Every line of the listing should be retyped exactly, but none of the pictures should be.

**Information provided:**
=== Begin Enclosure ===
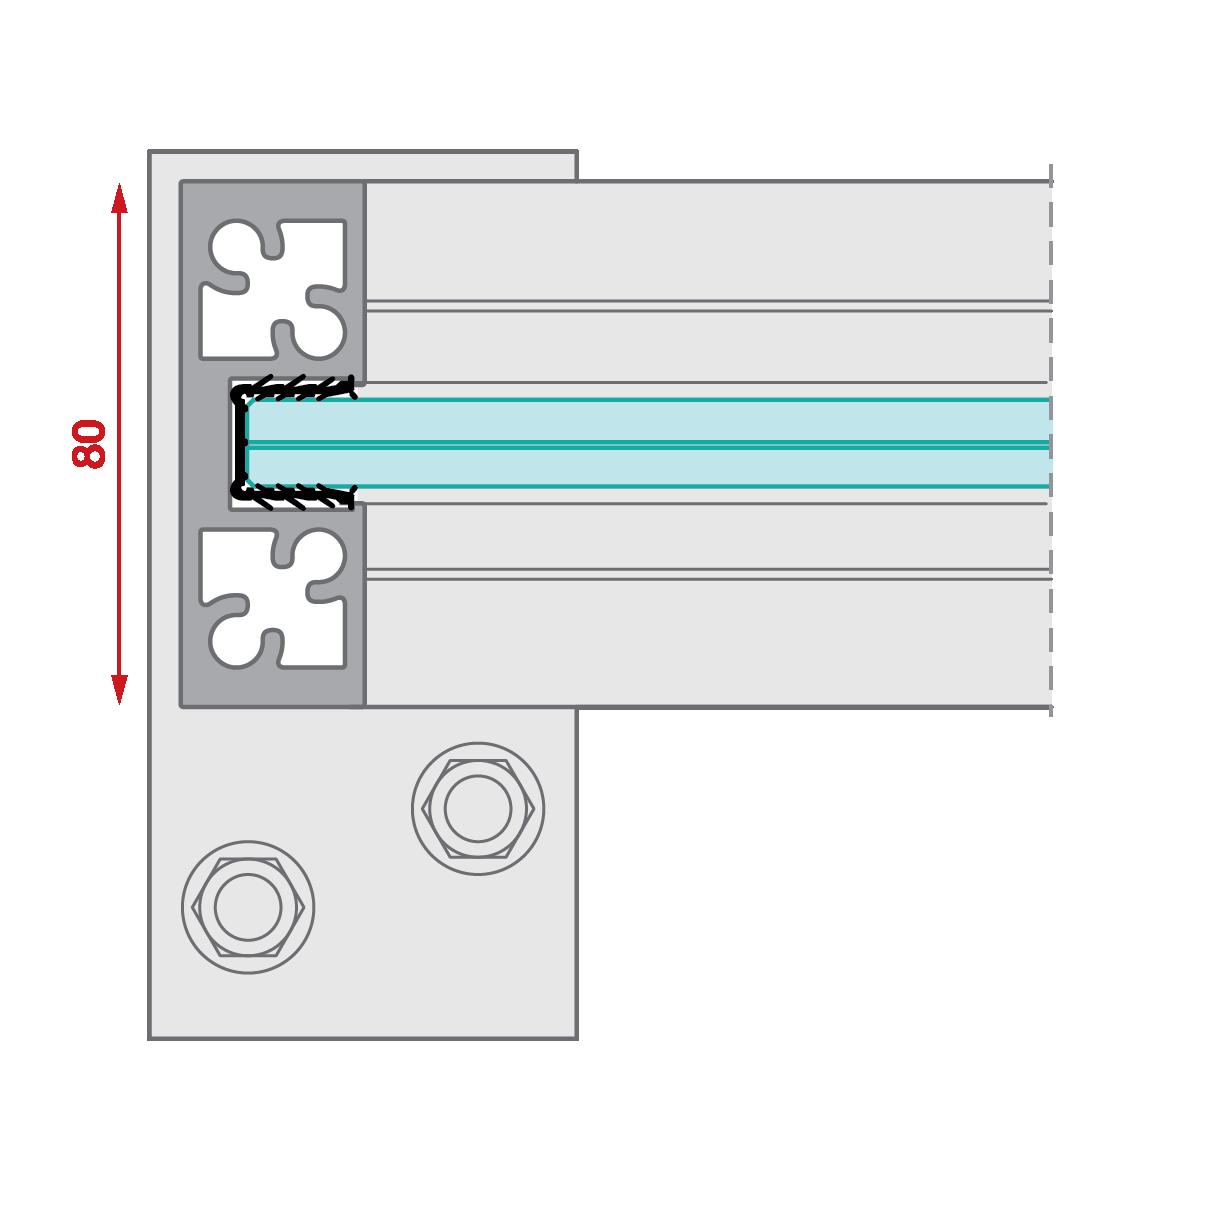 profilo olimpia 80_Artboard 2
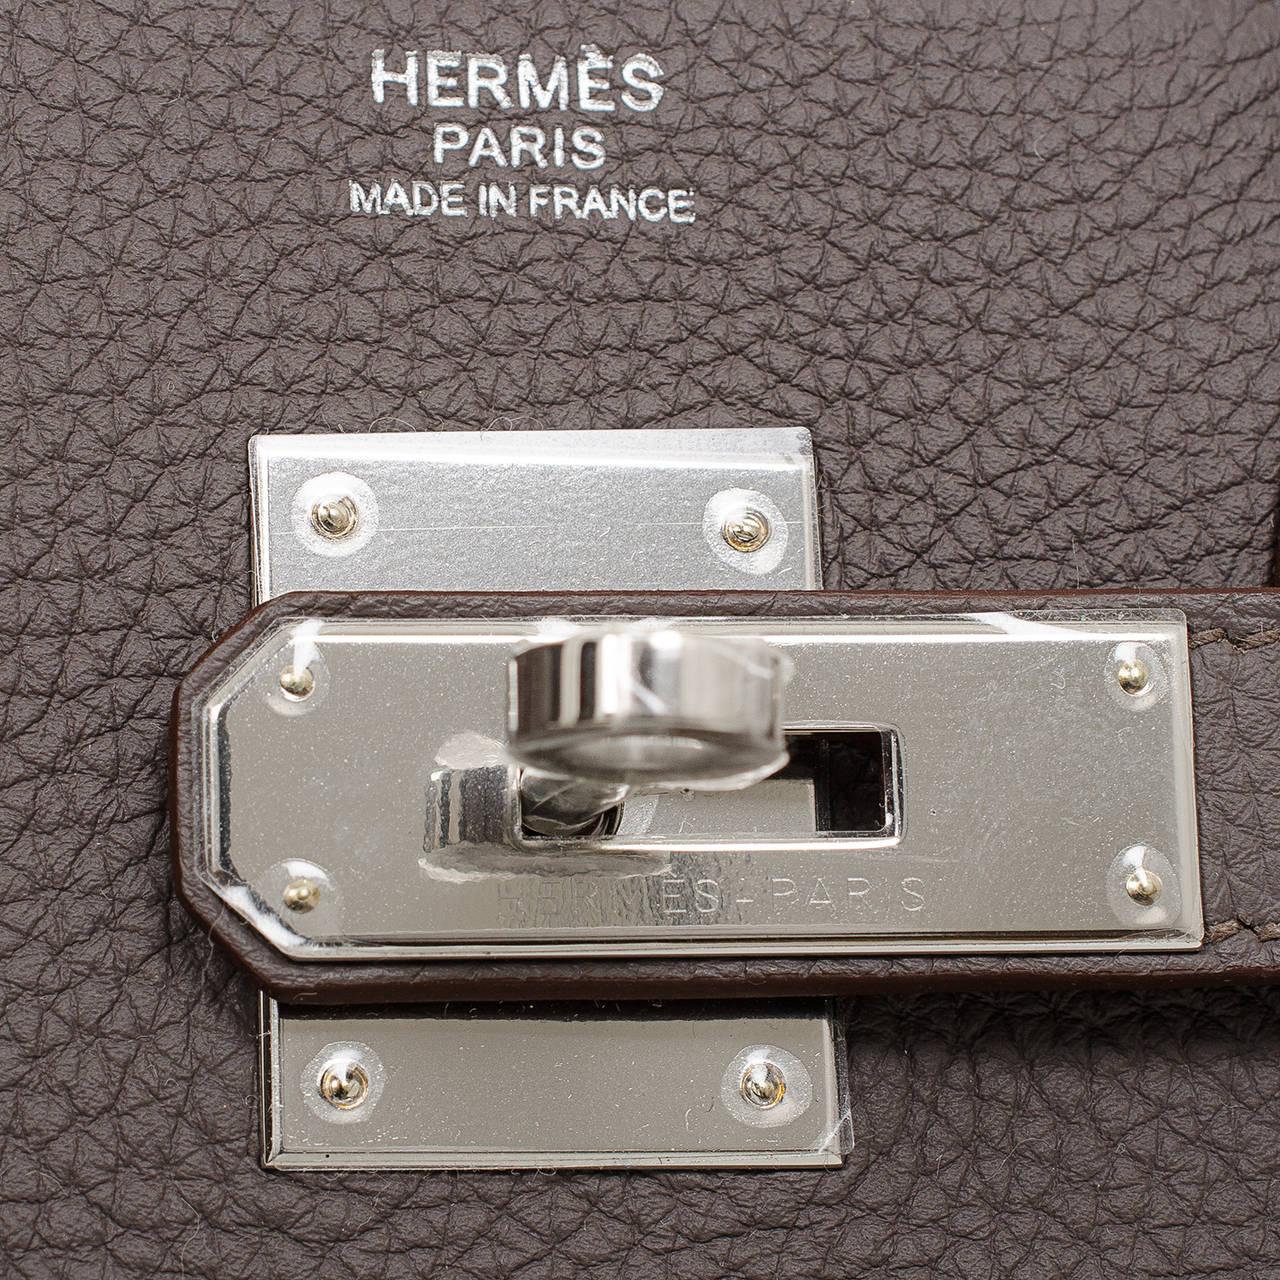 replica hermes birkin 40 - Hermes Etain Togo Birkin 30cm Palladium Hardware at 1stdibs
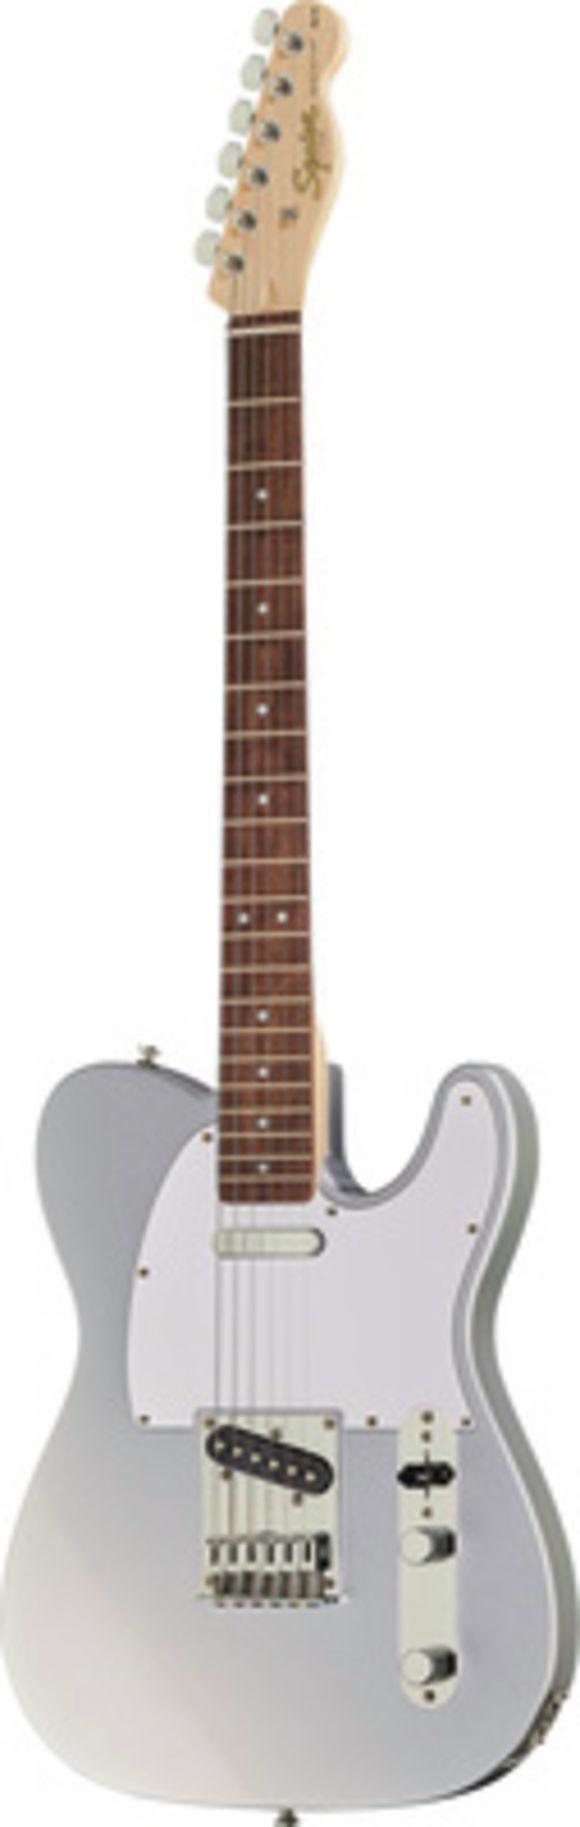 Squier Affinity Tele SLS IL Fender
=== End Enclosure ===
**Response to this task:**
 profilo olimpia 80_Artboard 2
 replica hermes birkin 40 - Hermes Etain Togo Birkin 30cm Palladium Hardware at 1stdibs
 Squier Affinity Tele SLS IL Fender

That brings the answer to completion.